Results and discussion

Workflow

We propose a workflow that complements a RF model with a BN analysis for the post-hoc interpretation of inferred global predictive patterns. The network analysis allows an interpretation that goes beyond a ranking by global feature importance.

The workflow consists of three main steps (Fig 1) and starts with careful training of a RF model. RF is an ensemble learning algorithm that aggregates multiple single decision trees. In the first step, we perform a hyperparameter optimization of the main RF parameters using a nested cross-validation approach. Afterwards, relevant features are identified from the RF model using two different FI measures. Due to the high number of features included, we use a statistical mixture model approach to distinguish relevant from irrelevant features. The latter are modeled by a component around a FI of zero. This step is followed by BN structure learning among all relevant predictors. BNs are probabilistic graphical models. The BN is trained using a score-based approach. This last step yields an interpretable feature association model. For further details on the workflow, we refer the reader to the methods section.

Fig 1. Workflow.

Fig 1

Schematic representation of the workflow. After data preparation, a RF model is trained using nested cross-validation. Relevant predictors are identified based on two feature importance measures and a mixture model approach. Lastly, feature interactions among the relevant predictors are examined in a Bayesian network analysis.

Simulation study

We first evaluate the effectiveness of our workflow and the influence of parameters like sample size and feature number by a simulation study. We create synthetic models of different sizes. We observed that the correct feature subset was identified, with slightly better results for smaller networks and larger sample sizes (see Table 1). In the large network, in average 6 out of 20 nodes were not identified as related to the target (false negative; fn). This effect can be explained by the size of the network and their very indirect connection in the sampled models. Thus, their association to the target is very weak.
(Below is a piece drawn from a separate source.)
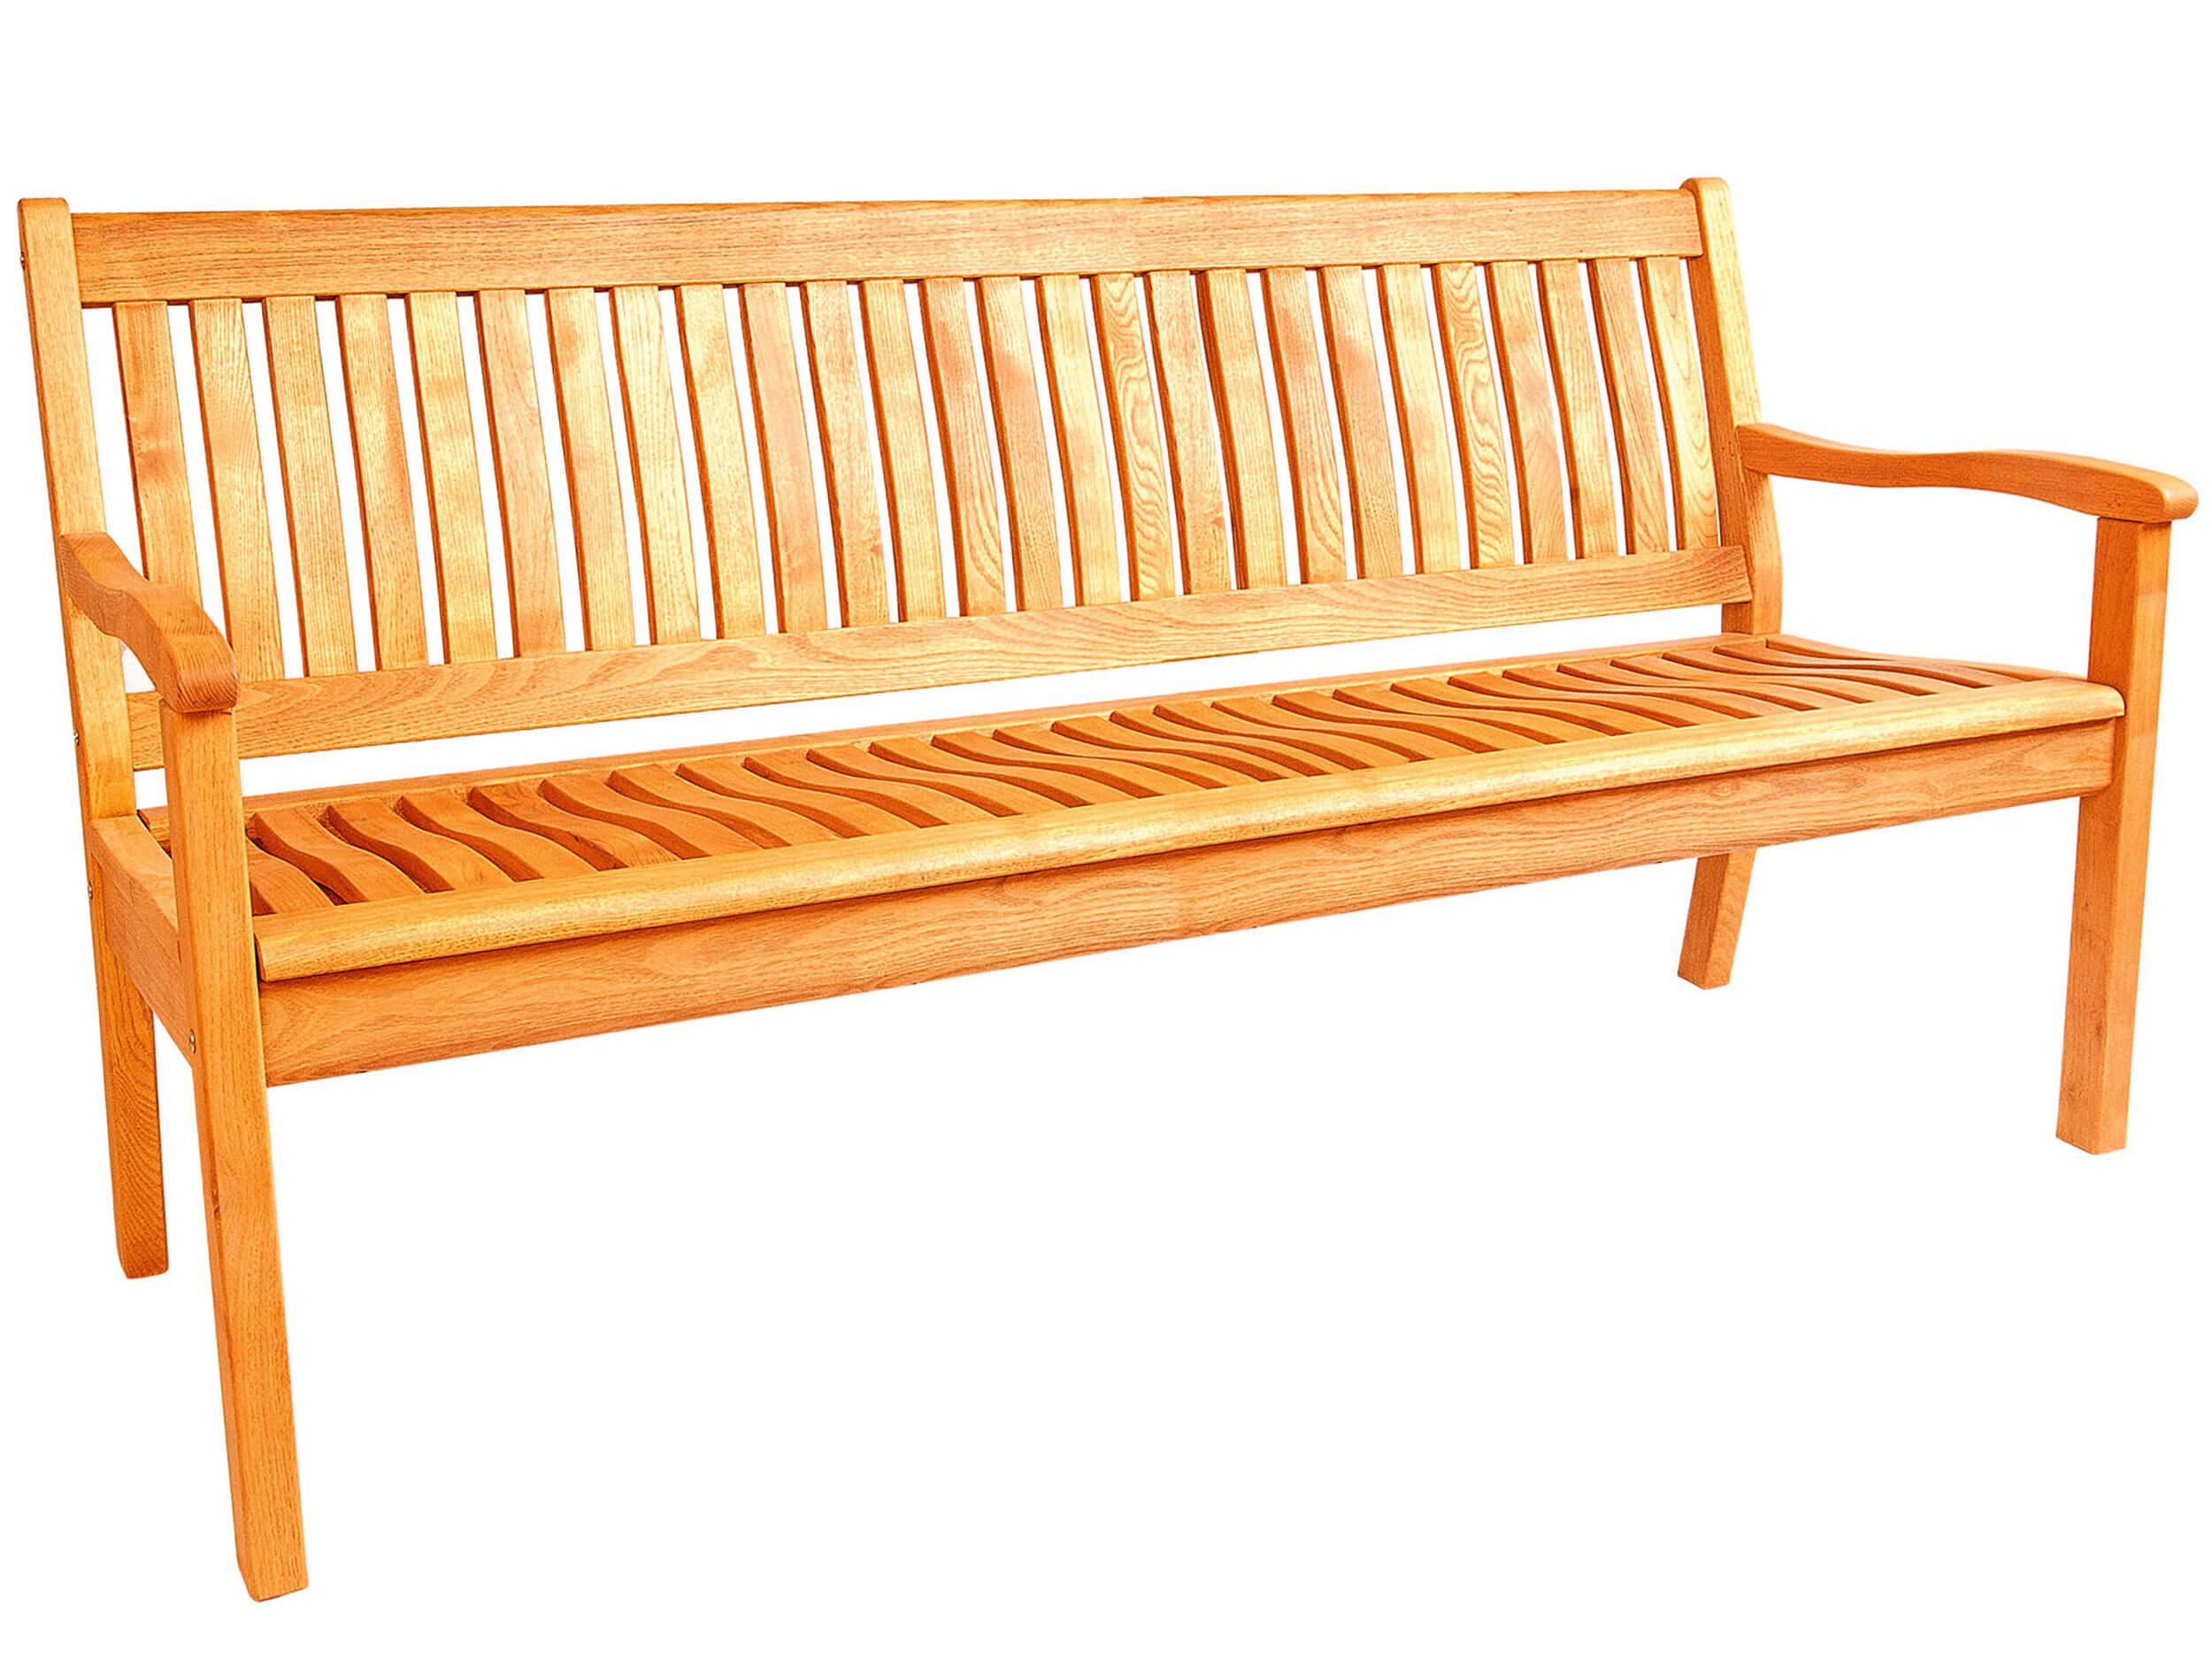 Holz Gartenbank Kansas 160cm 3 Sitzer

Table 1. The table reports the results of the simulation study.

A) Feature Subset Extraction: Average of (false positive (fp) / false negative (fn)) features (averaged over 10 iterations). B) Relearned Network Structure: Average of false positive (fp) / false negative (fn) arcs of the relearned network structure (averaged over 10 iterations).

Network Sample Size small network (5 nodes) medium network (10 nodes) large network (20 nodes)
A) Feature Subset Extraction
Small (500) 0.4 fp / 2 fn 0.2 fp / 1 fn 1.6 fp / 6.2 fn
Medium (1000) 0.4 fp / 1.6 fn 0 fp / 1.2 fn 1.4 fp / 5.8 fn
Large (2000) 0.4 fp / 1.6 fn 0.2 fp / 0.8 fn 0.6 fp / 5.8 fn
B) Bayesian Network Structure Learning
Small (500) 0 fp / 1.2 fn 2.4 fp / 2.4 fn 2.6 fp / 2.8 fn
Medium (1000) 0 fp / 1.2 fn 1 fp / 1.2 fn 1.8 fp / 2.2 fn
Large (2000) 0 fp / 0.8 fn 1 fp / 1.1 fn 0.8 fp / 2 fn

In some cases, noise variables were identified as predictors by the RF model (false positive; fp). This observation underlines the need for a more detailed analysis than single variable importance rankings. A closer look on these cases revealed that those features had no neighbors in the relearned BN. The post-hoc BN analysis thus allows to correctly identify those features as unimportant.

The relearned BN structures could in general also be correctly recovered (Table 1). We observed in all scenarios less than 3 false positive and false negative arcs. The network quality was higher for smaller networks and larger sample sizes. In general, the number of false negative arcs was higher than the number of false positive arcs. This may be due to the randomly sampled parameters with weak differences for some arcs.

Predicting TSH concentrations

Data description

The preprocessed SHIP dataset includes 602 features and 3,989 probands (49% female, 51% male, for details on data preprocessing, see Methods). The mean age of study participants is 49 years (min = 20, max = 81). In addition to serum TSH, thyroid function evaluation in SHIP includes FT3, FT4, and anti-TPO measurements. Besides, urinary iodine and enlargement of the thyroid (’goiter’) were assessed. Results of a sonography examination of the thyroid were included in terms of thyroid volume, echogenicity, and the presence of at least one thyroid nodule. Descriptive statistics about these features are reported in Table 2. Additional features from SHIP include nutritional patterns, complete blood counts, sociodemographic information, health status, and medication. Moreover, we added 67 prefiltered SNPs to examine possible genetic predispositions [27].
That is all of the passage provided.